Gini indexes in metropolitan areas and areas around middle-sized towns range from a fairly egalitarian 0.36 in Juneau, AK to a highly unequal 0.55 in Ruston, LA. Business Insider compiled a list of the most unequal large metro areas based on US Census data.
Another way to look at inequality is to consider how much of the national income goes to the top of the distribution. Here's the share of income for the top 10% in the US over the last century or so.
According to a 2013 paper by Berkeley economist Emmanuel Saez, at the start of the century through the roaring twenties, the top of the heap got an outsized share of income. After the New Deal and World War II, that share drops precipitously, in a period often referred to as the 'Great Compression'. From the early eighties to the present, that top income share has started to skyrocket back to where it was at the start of the twentieth century.
But just looking at the top 10% doesn't tell the whole story. Here's that group broken into smaller components.
In addition to seeing an ever larger share of income, the top 0.01% has also had their real incomes grow by nearly 500% over the last three decades, while real incomes for the bottom 90% have been stagnant.
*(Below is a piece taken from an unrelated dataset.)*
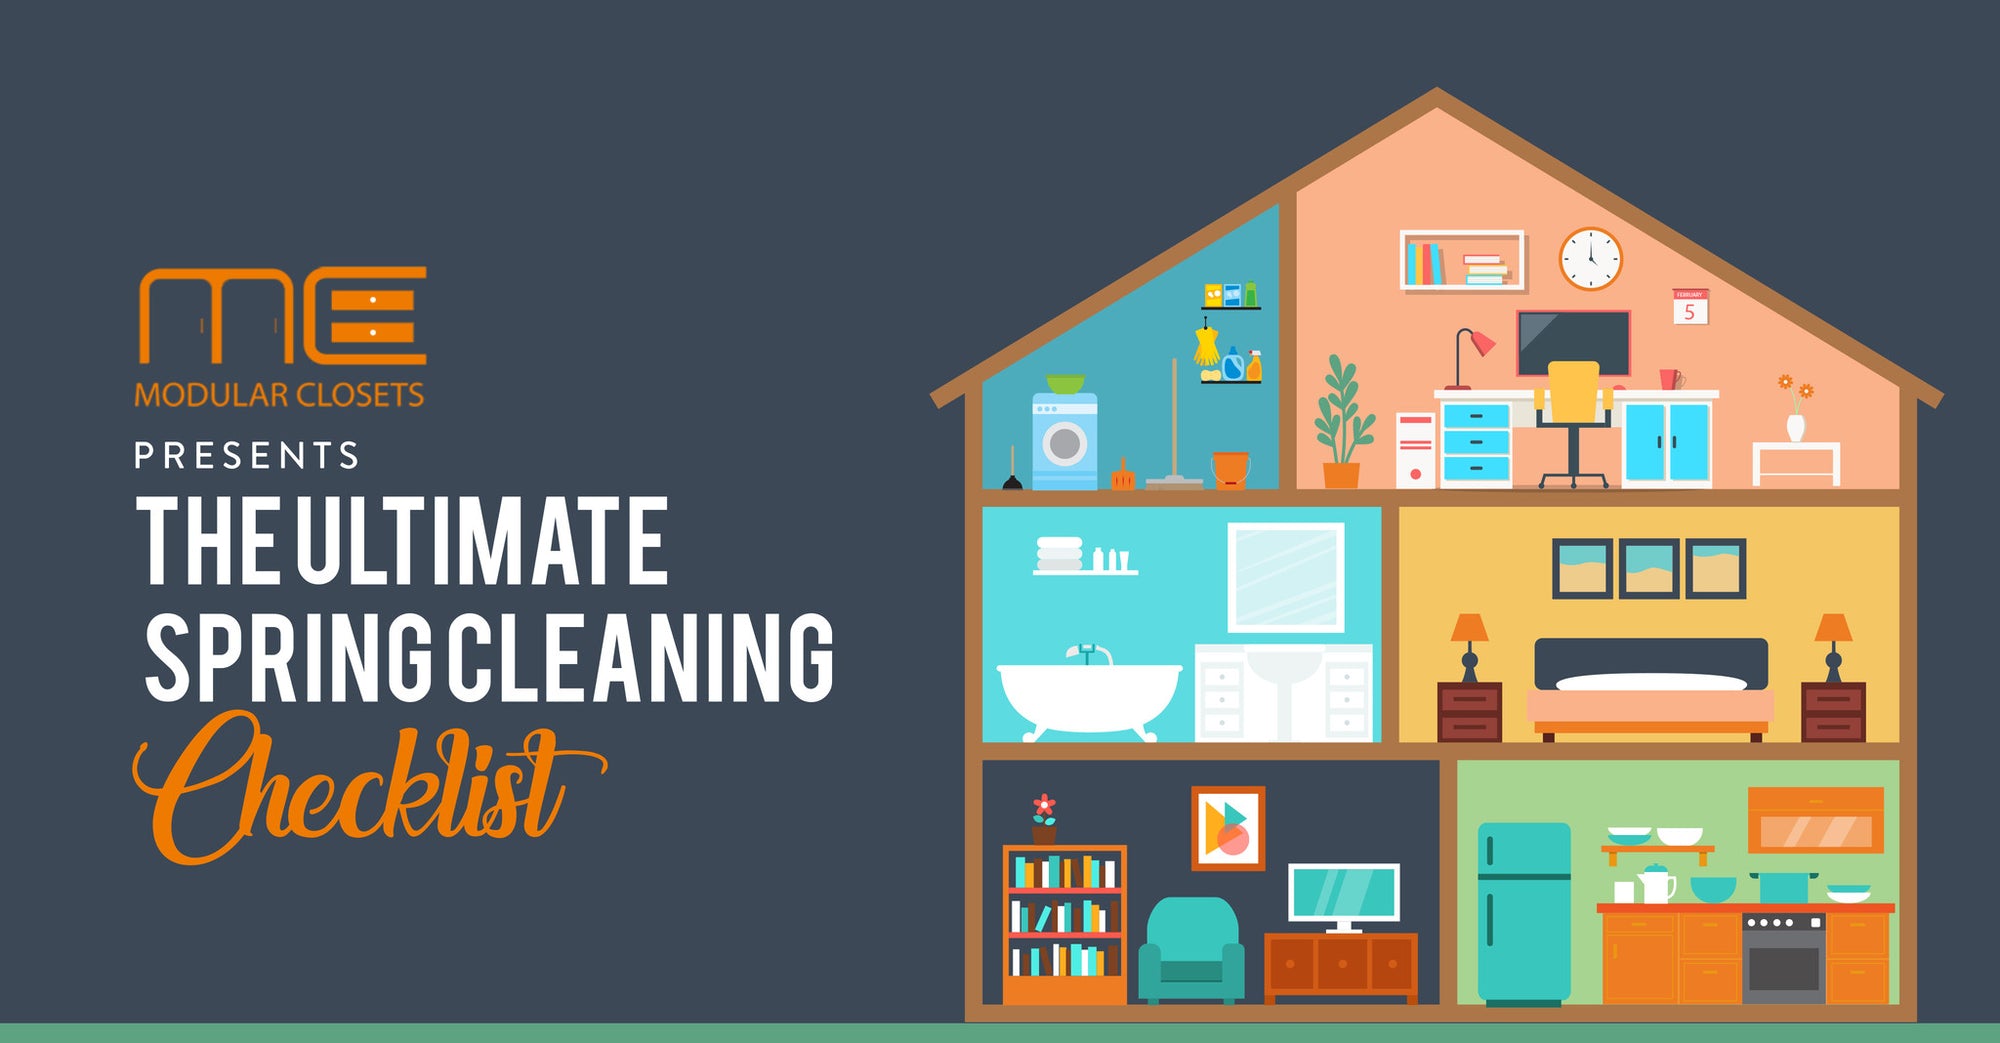 The Most Ultimate Spring Cleaning 2017 Checklist
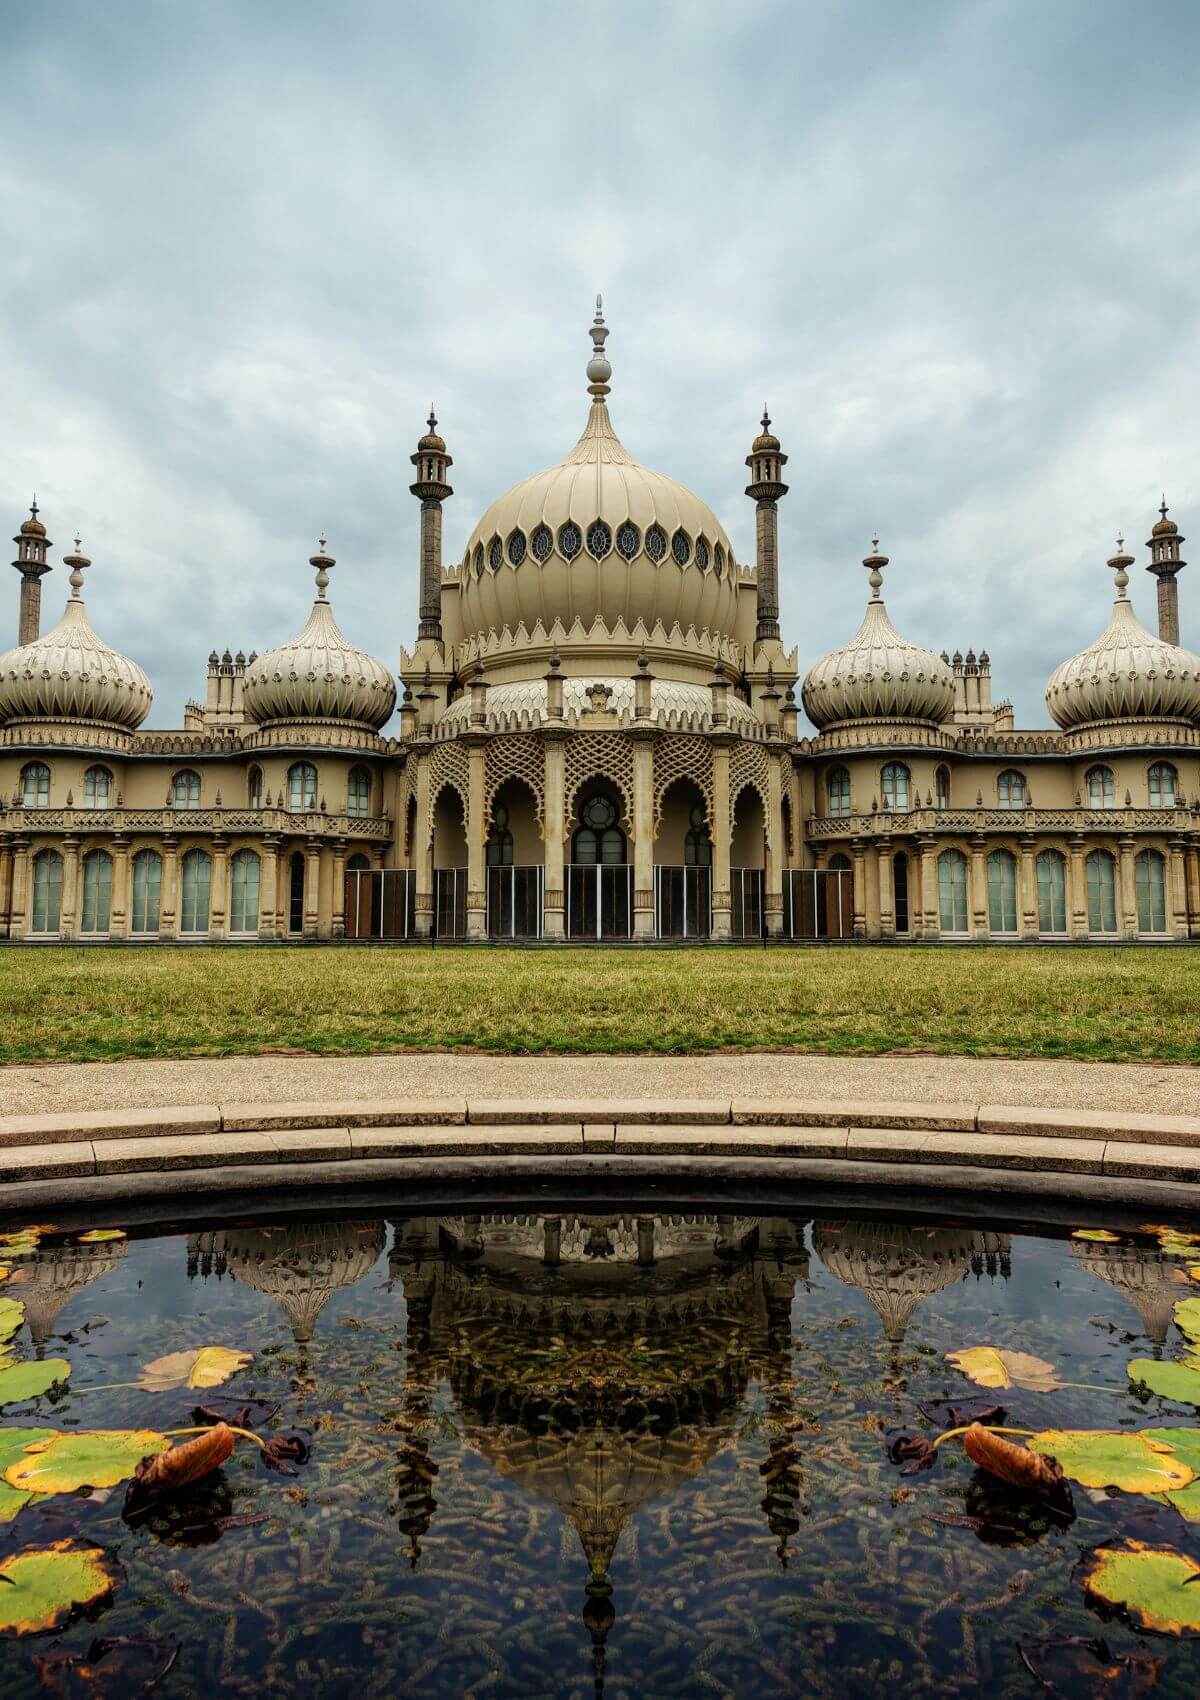 The Royal Pavillion in England

The swings in inequality over the twentieth century are even more dramatic when looking at wealth, rather than income.
One aspect of increasing wealth inequality is that the super-rich save much more of their income than the middle class.
People in the bottom 90% frequently don't have enough extra income to keep saving. As Business Insider's Shane Ferro put it, 'People need somewhere to live, and they have to keep up with increasing tuition if they want to go to college. Necessary fixed costs increased while incomes stagnated, so saving gave way to debt in order for people to maintain the same lifestyle they had in previous decades.'
One interesting aspect of wealth inequality is that Americans vastly underestimate the degree of inequality.
Another important part of looking at inequality is how easy or hard it is for people to move around the income distribution between generations.
This chart, based on data from the Equality of Opportunity Project, shows that the higher up on the income ladder a parent is, the more likely their child will end up in the top part of the income distribution. A child whose parents are already in the top fifth is more than three times as likely to stay at the top than a child from the bottom fifth is to get there.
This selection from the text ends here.